Если при Советской власти Багратион был богат, то в демократическом государстве он сделался ошеломляюще богат. В духе времени вложил он заработанное в алюминиевые карьеры и нефтяные скважины, сделался членом совета директоров газовой компании, открыл офшорное предприятие, и его танкеры возили с побережья Колумбии в землю басков грузы (а какие — иди спроси). Не брезговал он и мелким бизнесом: держал сеть оптовых рынков и дома терпимости — в Боготе, Тбилиси и Москве. Впрочем, может быть, и наговаривали на скульптора завистники. Допустим, касательно дома терпимости в Боготе проверить факты затруднительно: чего там только, в Боготе, нет; дом терпимости в Тбилиси, по рассказам очевидцев, оказался попросту квартирой, населенной многочисленными родственницами скульптора; но что касается дома терпимости в Москве, то сам скульптор даже и не знал, что в одной из его квартир творится, — и размещался там, конечно же, никакой не дом терпимости, но обыкновенный массажный салон.
IIВ комнате такого массажного салона, принадлежащего Багратиону, и происходил диалог между девушкой Анжеликой и Александром Кузнецовым. Из комнаты только что удалился клиент, и теперь Кузнецов (новые знакомые устроили его в салон охранником) и девушка, только что отработавшая смену, сидели на измятой постели и беседовали. Каждый был одет сообразно занимаемой должности: Кузнецов — в камуфляжную форму, девушка — в белые чулки и кружевное белье.
— Думаешь, удастся на квартиру-то набрать? — сказала девушка.
— А ты сколько накопить хочешь?
— Тысяч пятнадцать надо накопить.

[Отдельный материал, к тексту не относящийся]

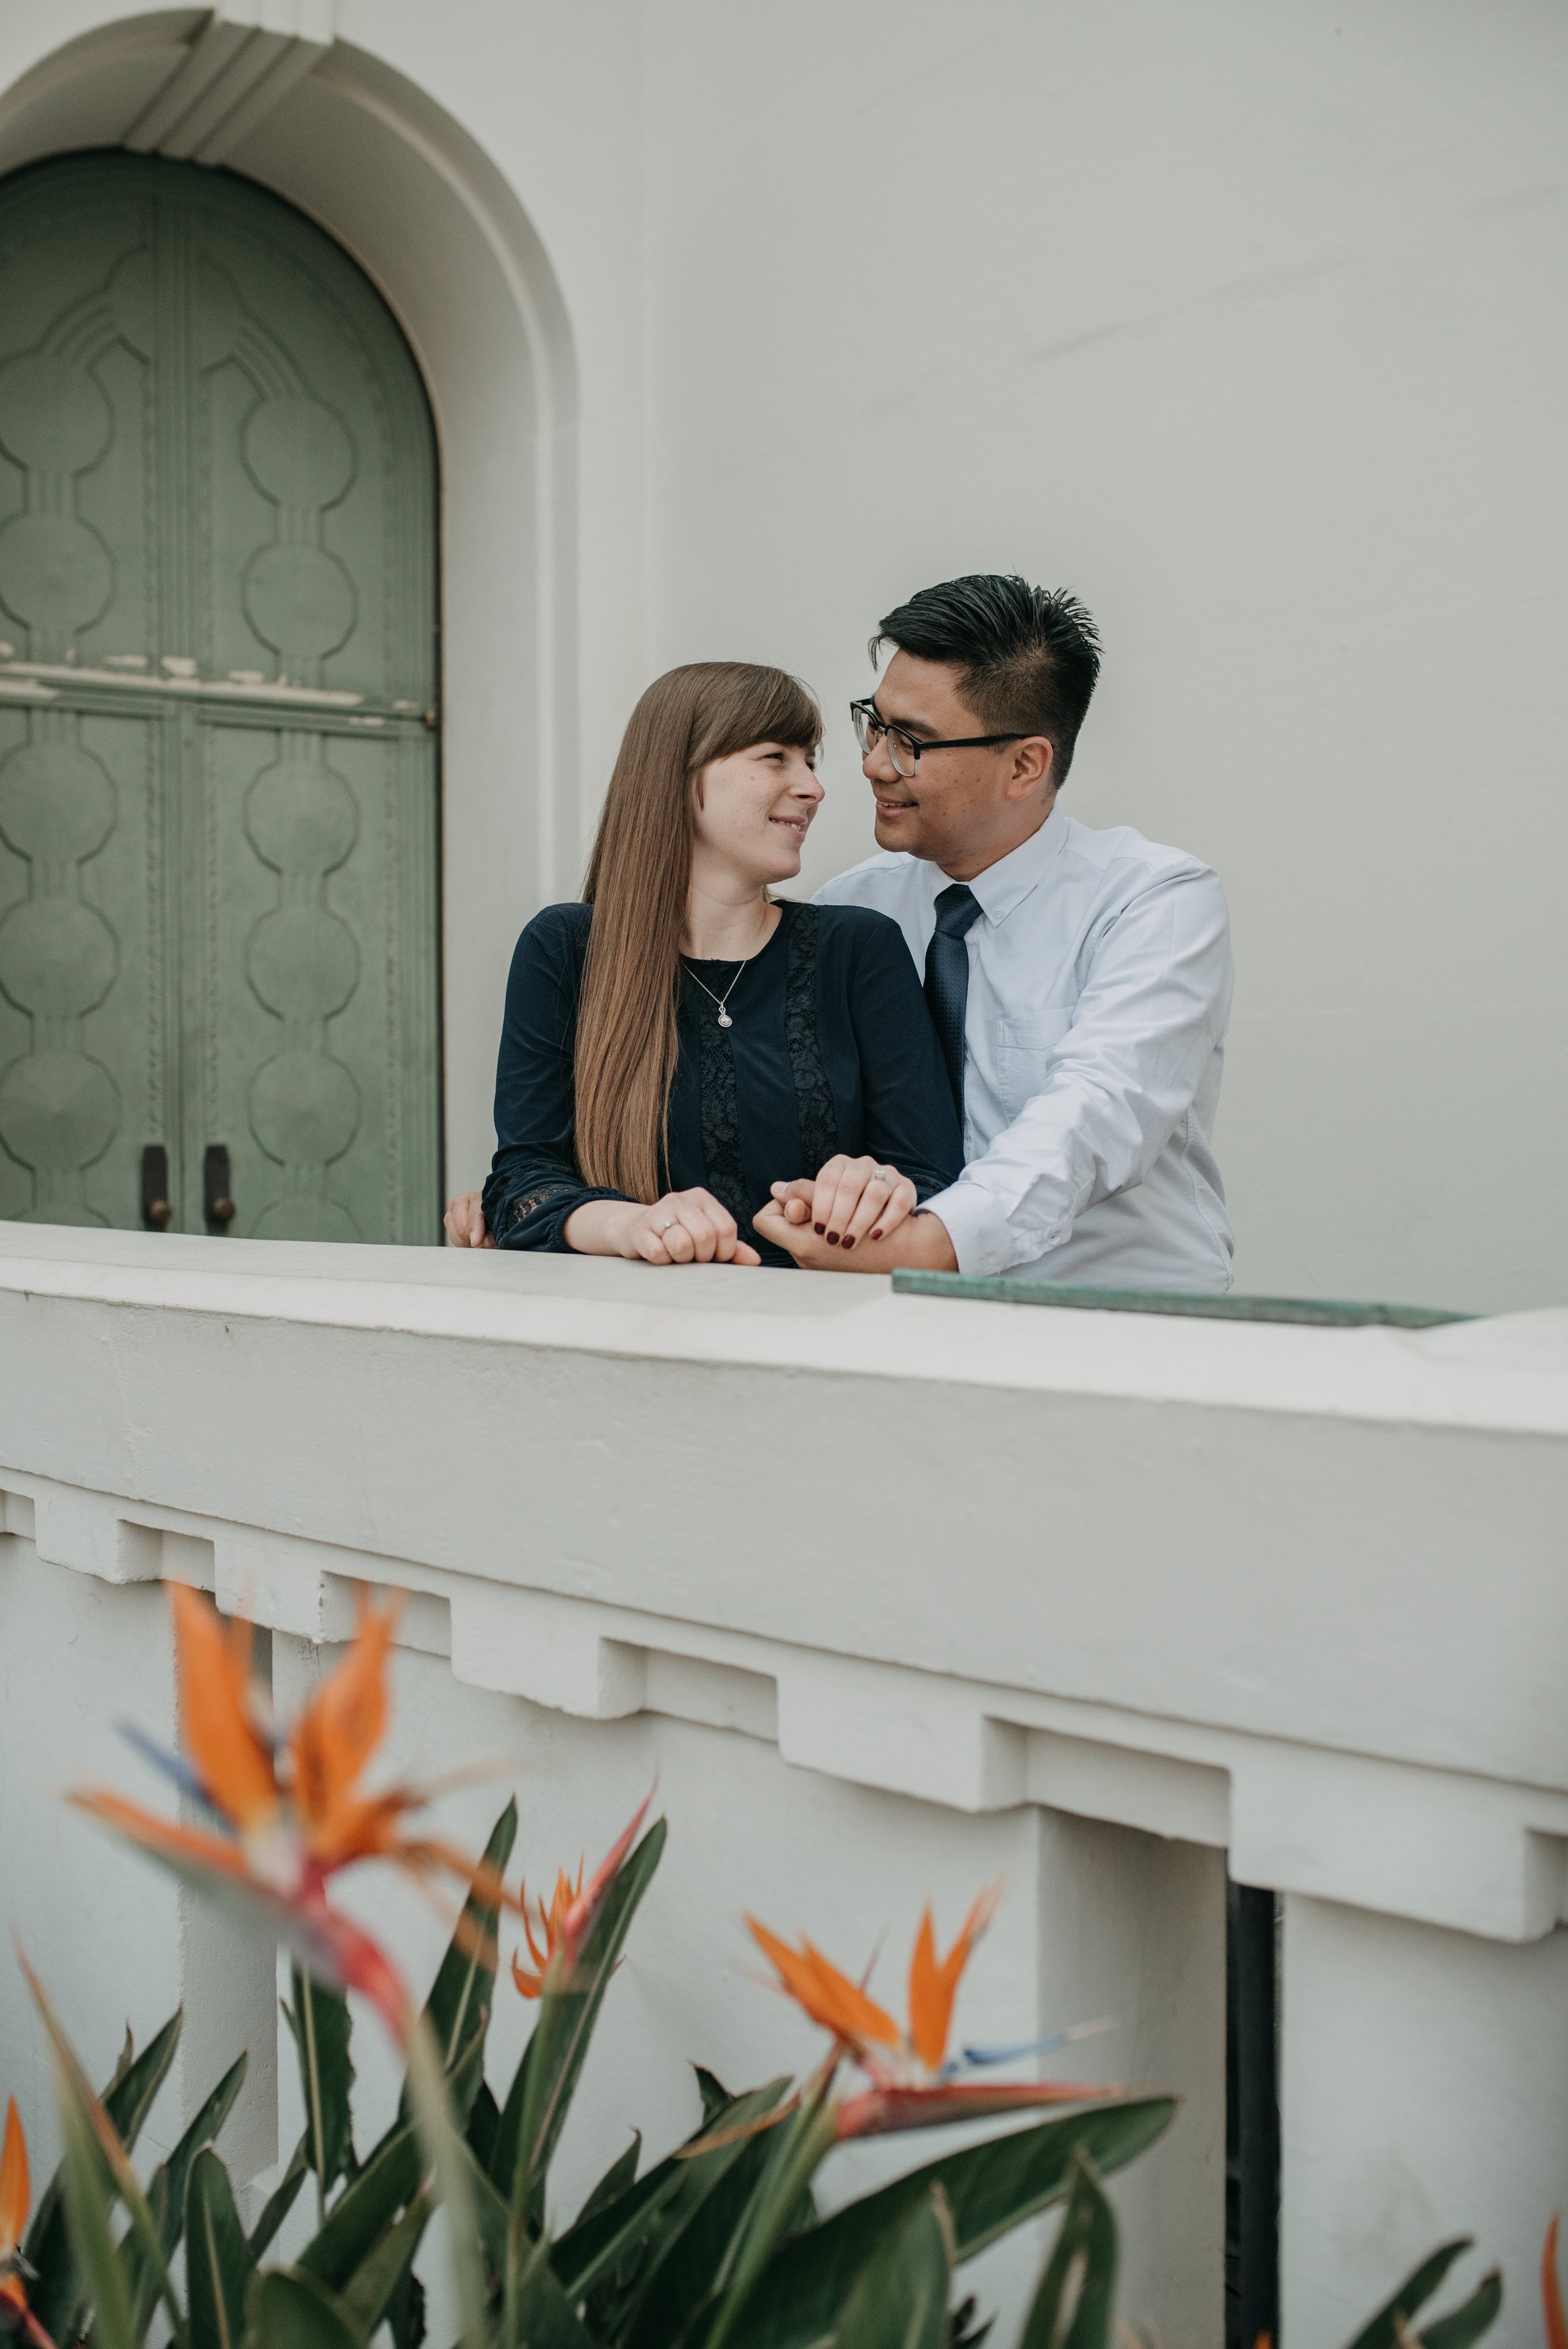 losangeles-engagement-session-griffith-observatory-southerncalifornia-wedding-photographer-32.jpg

Мне в центре не надо. Тут у вас в Москве такие цены, одуреть можно. Мне однушечку, на окраине. Я в Выхино хочу. Там сейчас хорошие стройки идут. Мы с подружками ездили, смотрели, — и она так сказала это слово, «подружки», точно она ездила с другими школьницами и смотрели они город, а потом сходили в кино, — мы прикинули с девочками, меньше пятнадцати тысяч — ну, никак не выходит.
— Рублей? — спросил Кузнецов.
— С ума сошел, каких рублей. Что ты сегодня за рубли купишь. Гроб, и тот не купишь.
— Это много.
— А я что говорю. Много, конечно. Так ведь я ж откладываю.
— Много откладываешь?
— Ну, как получается. Иногда триста в месяц откладываю, иногда шестьсот, — гордо сказала Анжелика, — мы же здесь на всем готовом. Тратиться не надо. Вот только на белье трачусь: если клиент порвет — считается, сама виновата. Надо возместить. Белье, знаешь, какое дорогое.
— Разве дорогое? — спросил Кузнецов, покупавший трусы и майки на вещевом рынке.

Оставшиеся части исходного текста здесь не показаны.